Searching for a solution to save landfill space, Bagley says SPSA wanted an alternative waste disposal system that would deal with the recyclables and organics left in the waste and reduce the waste stream by no less than 50 percent.
Down to one
After about one year of negotiating with Amp and another firm, he says they elected to begin negotiations for the final contract with Amp.
“Amp is unique in that they’re using AI and robotics to sort recyclables from waste,” Bagley says. “The other thing was the organics process. There's a lot of organics processes out there that have failed because they're very complicated. Amp brought up pyrolysis for the organics, which is a very simple process."
Bagley says SPSA felt the risk was lower with Amp as the company guaranteed to remove no less than 20 percent of recyclables and no less than 30 percent of organics from the waste.
‘A new model’
“Recycling rates have been stuck for both communities and the nation at large for the last decade and a half,” Amp CEO Tim Stuart says. “Projects like this one offer a new model for recycling, one that’s better aligned with local waste infrastructure. Our approach to processing MSW will significantly reduce the volume of waste SPSA must landfill, enable the creation of useful end products and do so with meaningfully lower emissions levels than those resulting from competing solutions.”
This solution will allow all residential and commercial waste to be collected in a single bin. Amp plans to use two sorting facilities in Portsmouth to extract recyclables and organics, collaborating with SPSA to dispose of the residuals. A third facility will transform the captured organics via indirect heating into biochar, a charcoal-like substance that sequesters carbon.
“We’re going to process the recycling material like all single stream is ... separate and go sell that material,” Stuart says. “In organics, we’re going to build on a biochar system. It’s going to take us two or three years to get that done, permitted and built, but once we do that, we will process all the organics through that.”

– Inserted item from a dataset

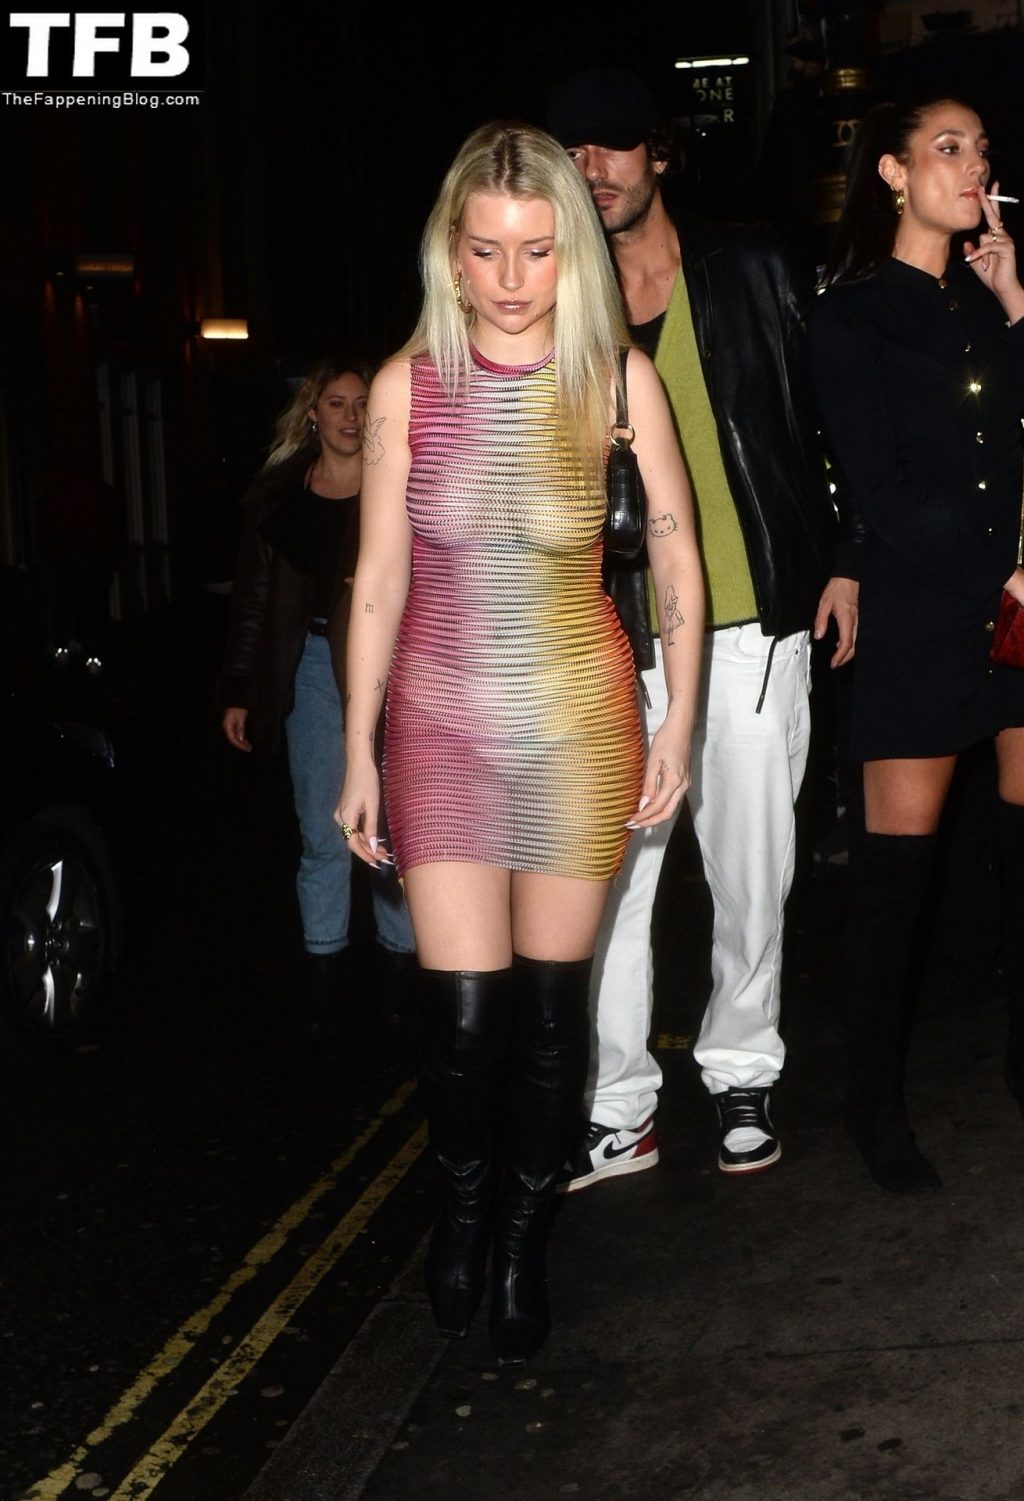 Lottie Moss is Seen in a See-Through Dress at The Windmill In Soho (11 Photos)

Amp will capture the carbon and sell carbon credits through contracted offtakes. The process takes the residential material and processes and diverts it, and Stuart says that guarantees a 50 percent diversion rate—20 percent recyclables and 30 percent organics—of material the company processes for SPSA.
The use of Amp’s AI vision system allows the company to identify and capture the recyclables and organics at a lower cost, Stuart says. He credits the technology as the main component, saying it allows the company to offer these diversion percentages.
Amp expects to create about 100 jobs in the region and build skills in the local workforce. Its solution relies on production operators who can optimize the technology and automated systems they manage.
“It is a big win for the company,” Stuart says. “We’re taking the learning we’ve been working on for the last two years and going through this process, working with other municipalities in North America and other parts of the world to do the same thing for them.”
The facilities
Amp recently acquired the Portsmouth, Virginia, operations of RDS of Virginia LLC and will operate a MSW processing facility at that location, processing approximately 120,000 tons per year, Bagley says.
SPSA will provide the Win Waste RDF facility site, where AMP will install a MSW processing facility, a MRF and an organics processing facility, producing approximately 420,000 tons annually.
The original capital investment is estimated to be $200 million. Bagley says this will be repaid to AMP over the 20-year agreement as SPSA will pay a $50 per ton processing fee for the MSW it brings to Amp.
“The remainder of the investment is paid off through the sale of recyclables, the sale of carbon credits and the sale of the biochar,” Bagley says.